## YOUR TASK
Could the data below be retyped exactly, without its pictures?

## STORED DATA
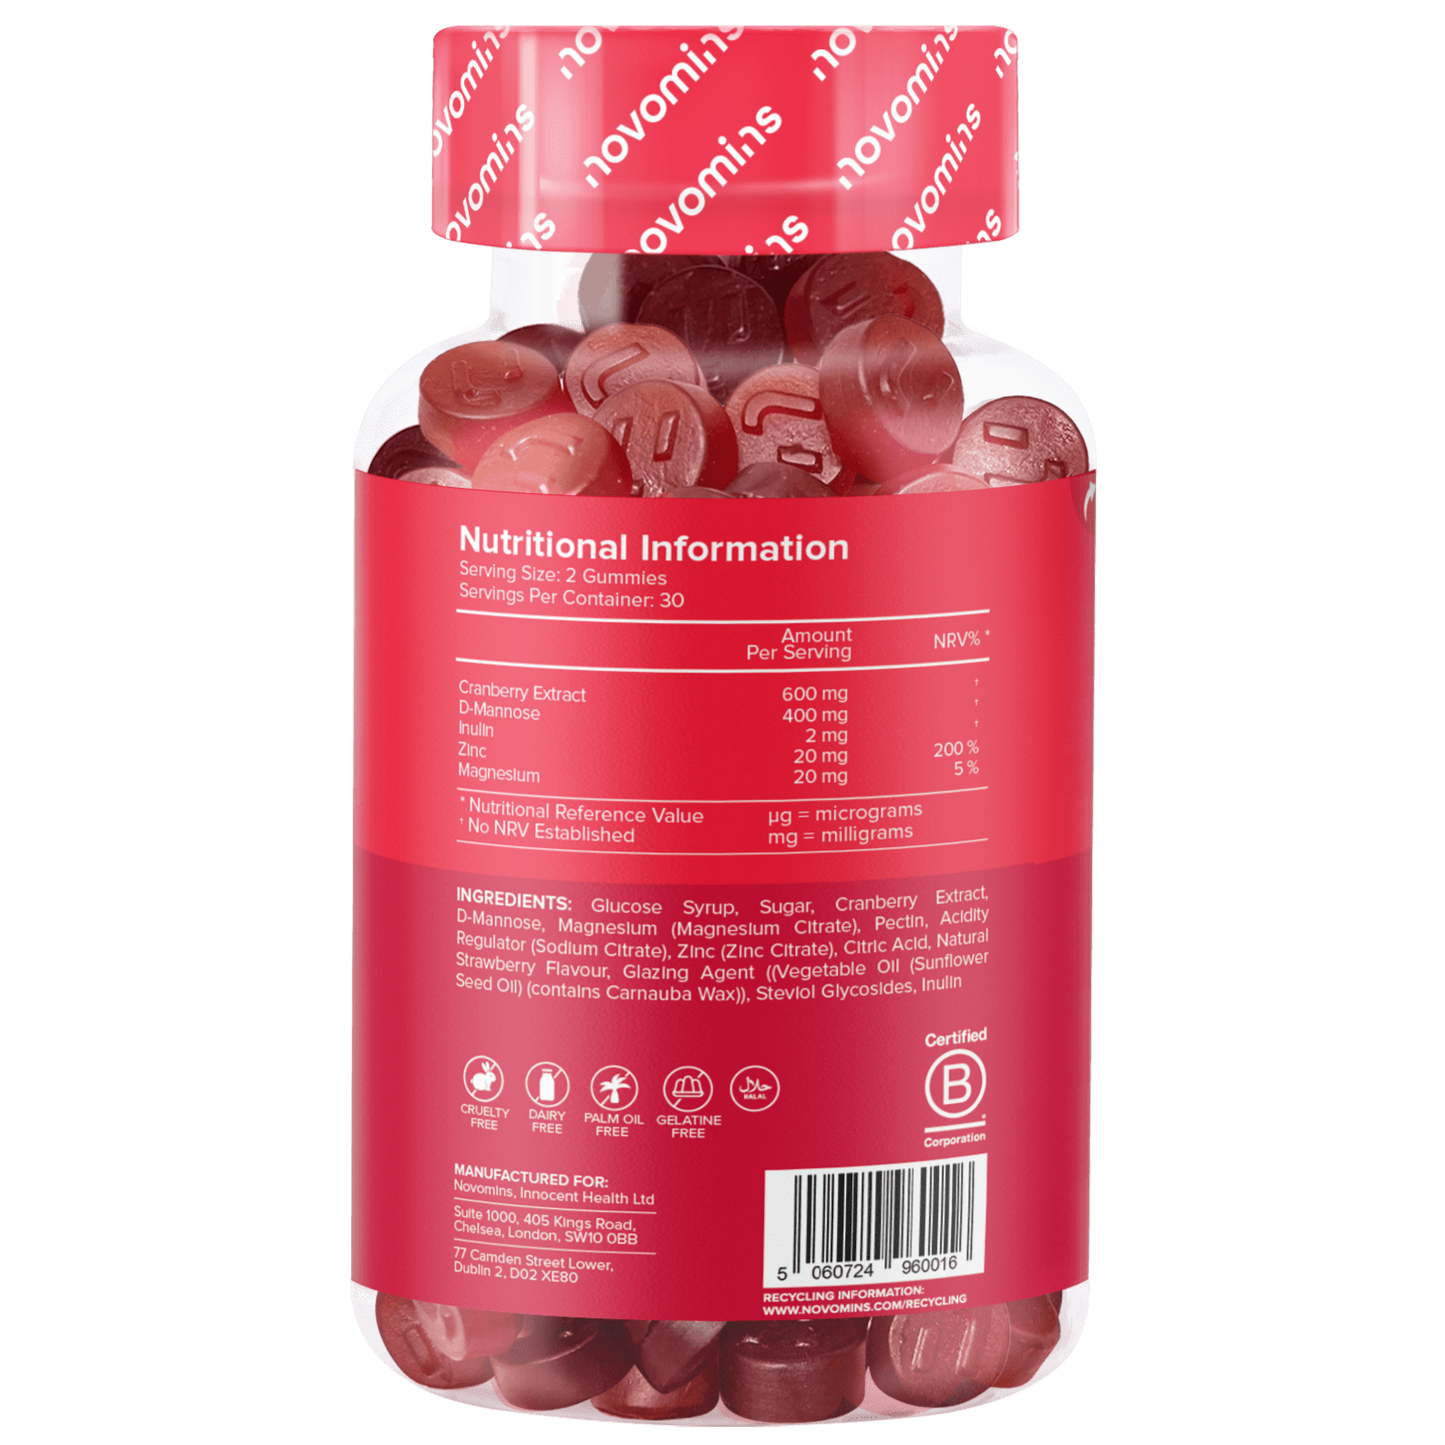 Cranberry & D Mannose Gummies
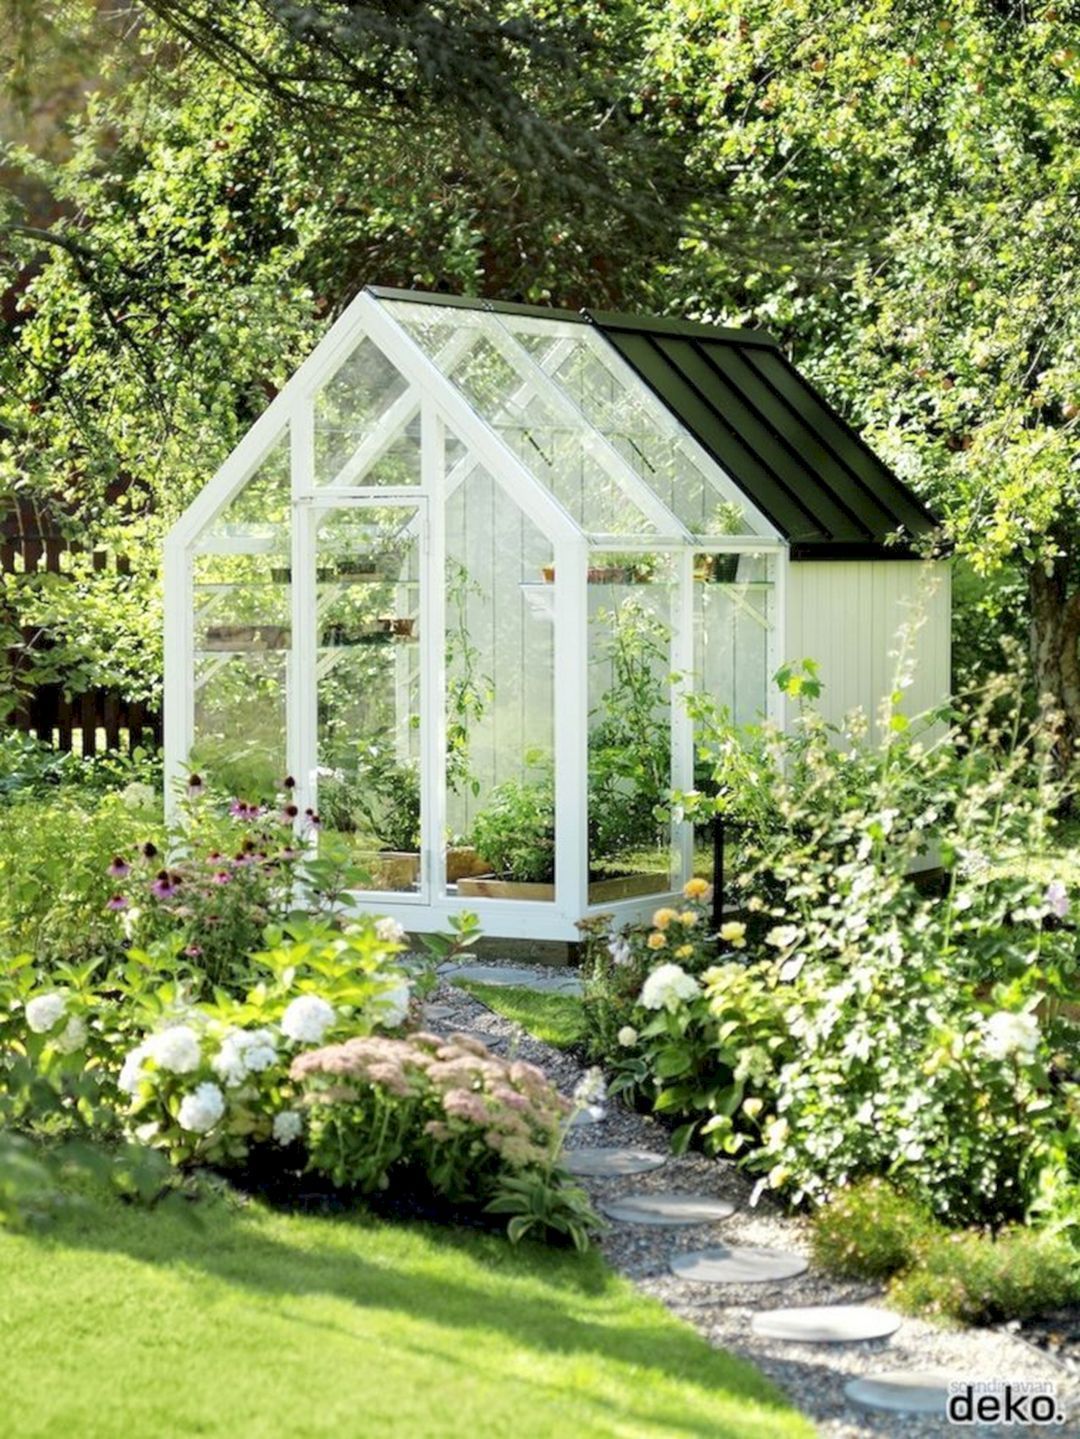 30 Beautiful Backyard Garden Design With Small Greenhouse Ideas -   16 garden design Small greenhouses ideas
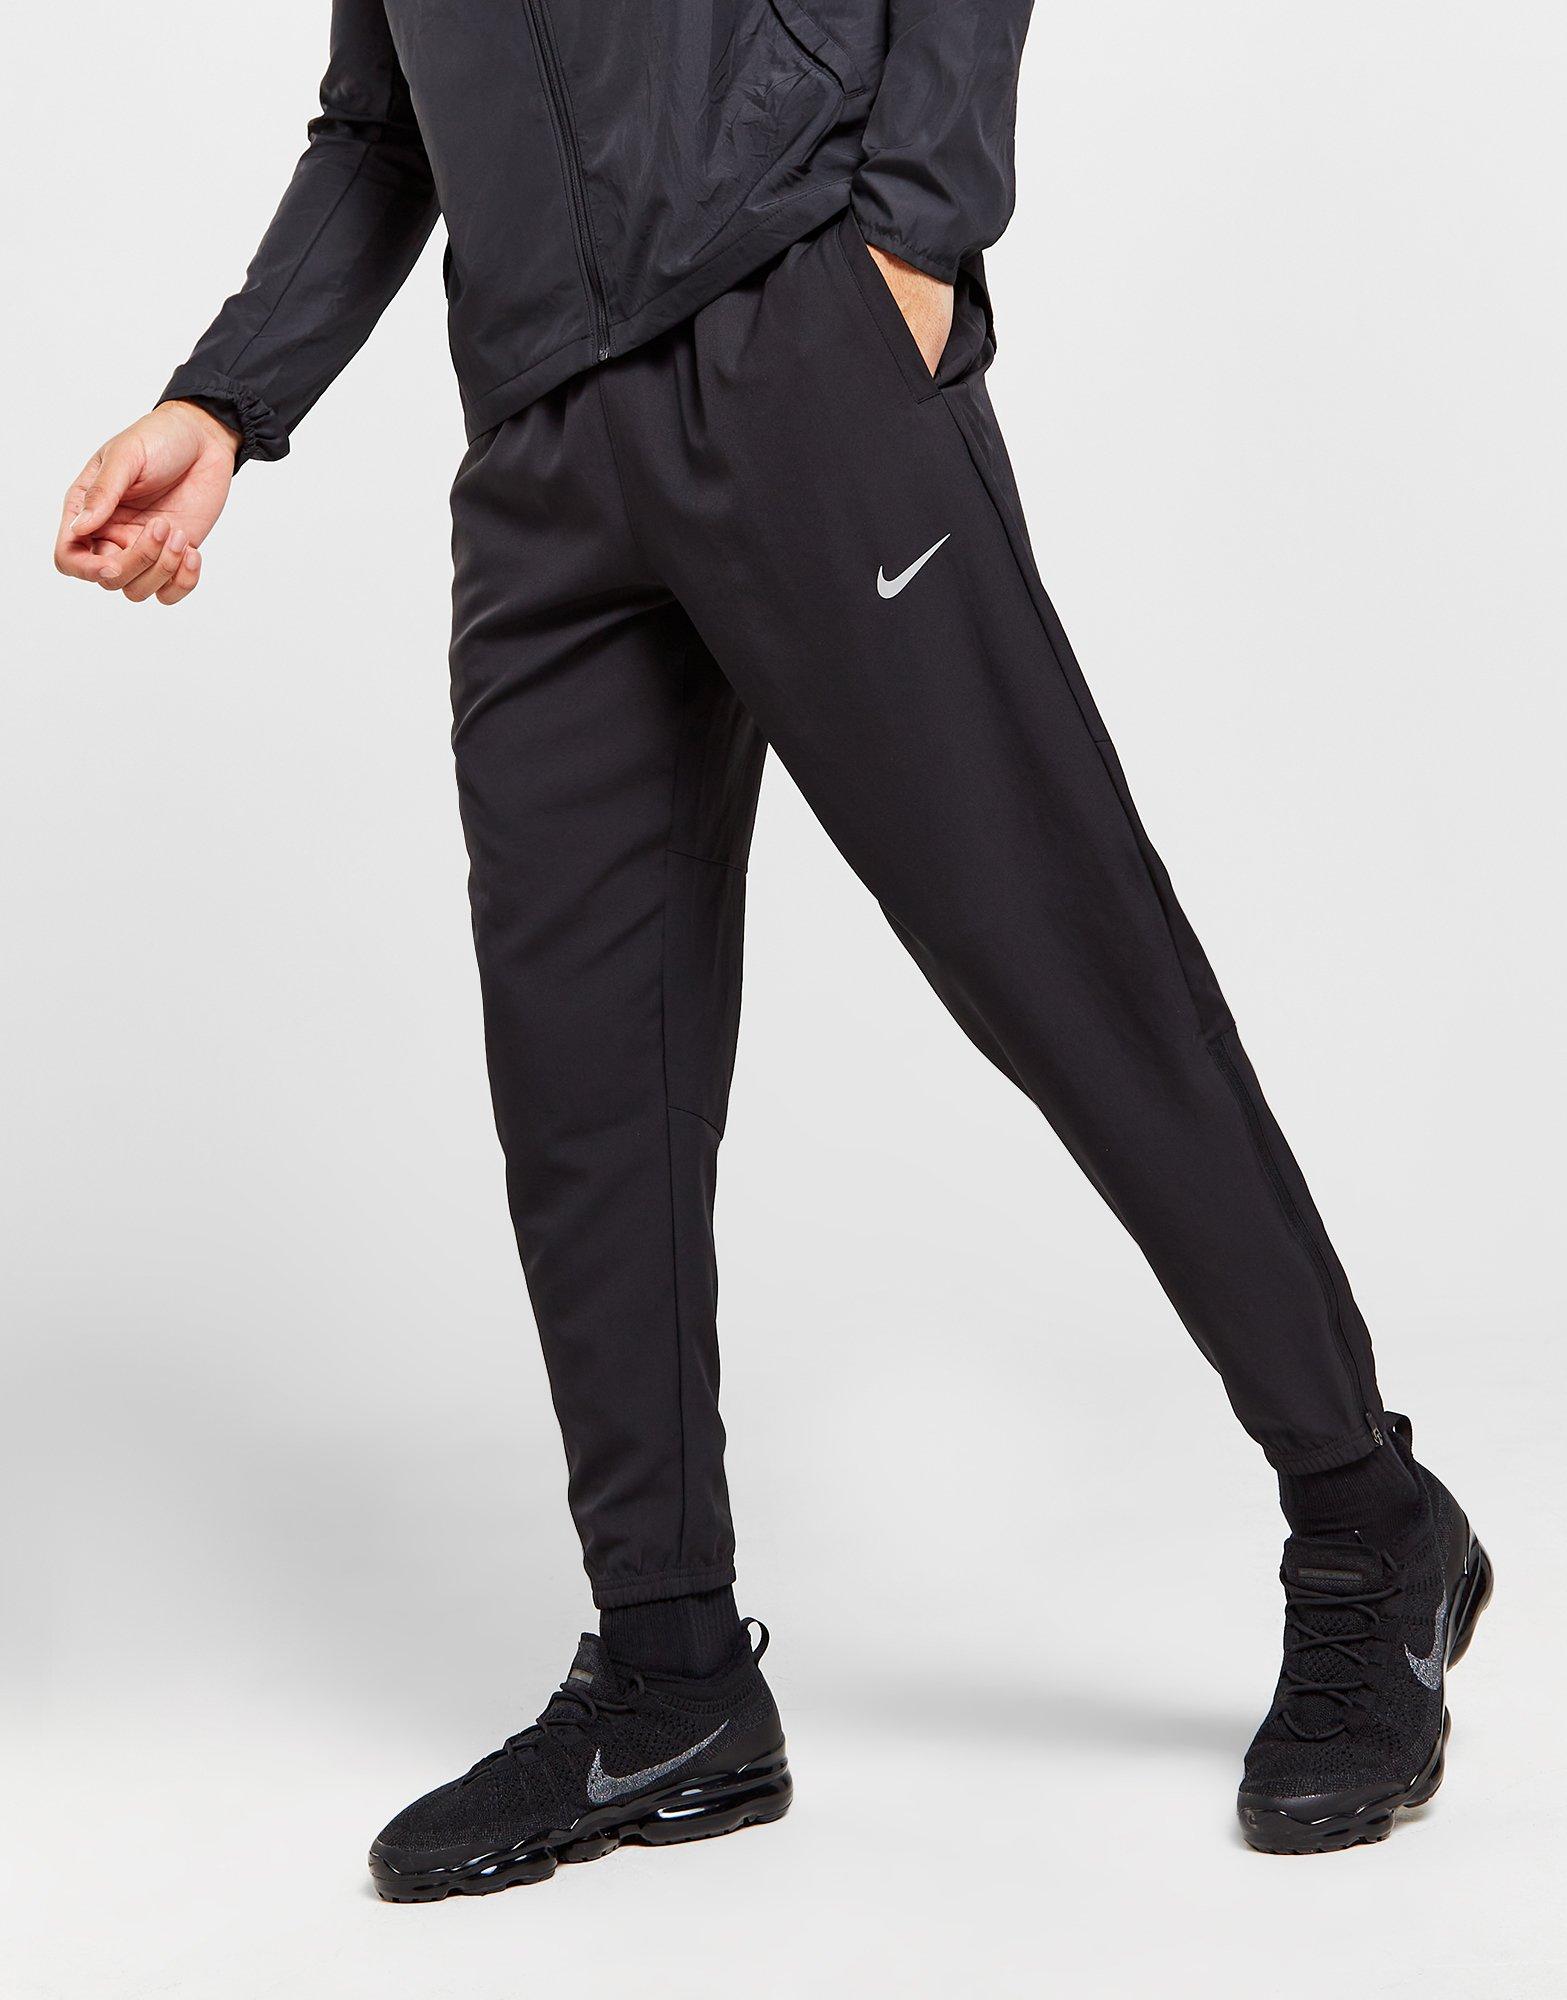 Girls Nike Sweatpants - Size Medium M - Dri-Fit. Please See Description

## ANSWER BOX
 Cranberry & D Mannose Gummies
 30 Beautiful Backyard Garden Design With Small Greenhouse Ideas -   16 garden design Small greenhouses ideas
 Girls Nike Sweatpants - Size Medium M - Dri-Fit. Please See Description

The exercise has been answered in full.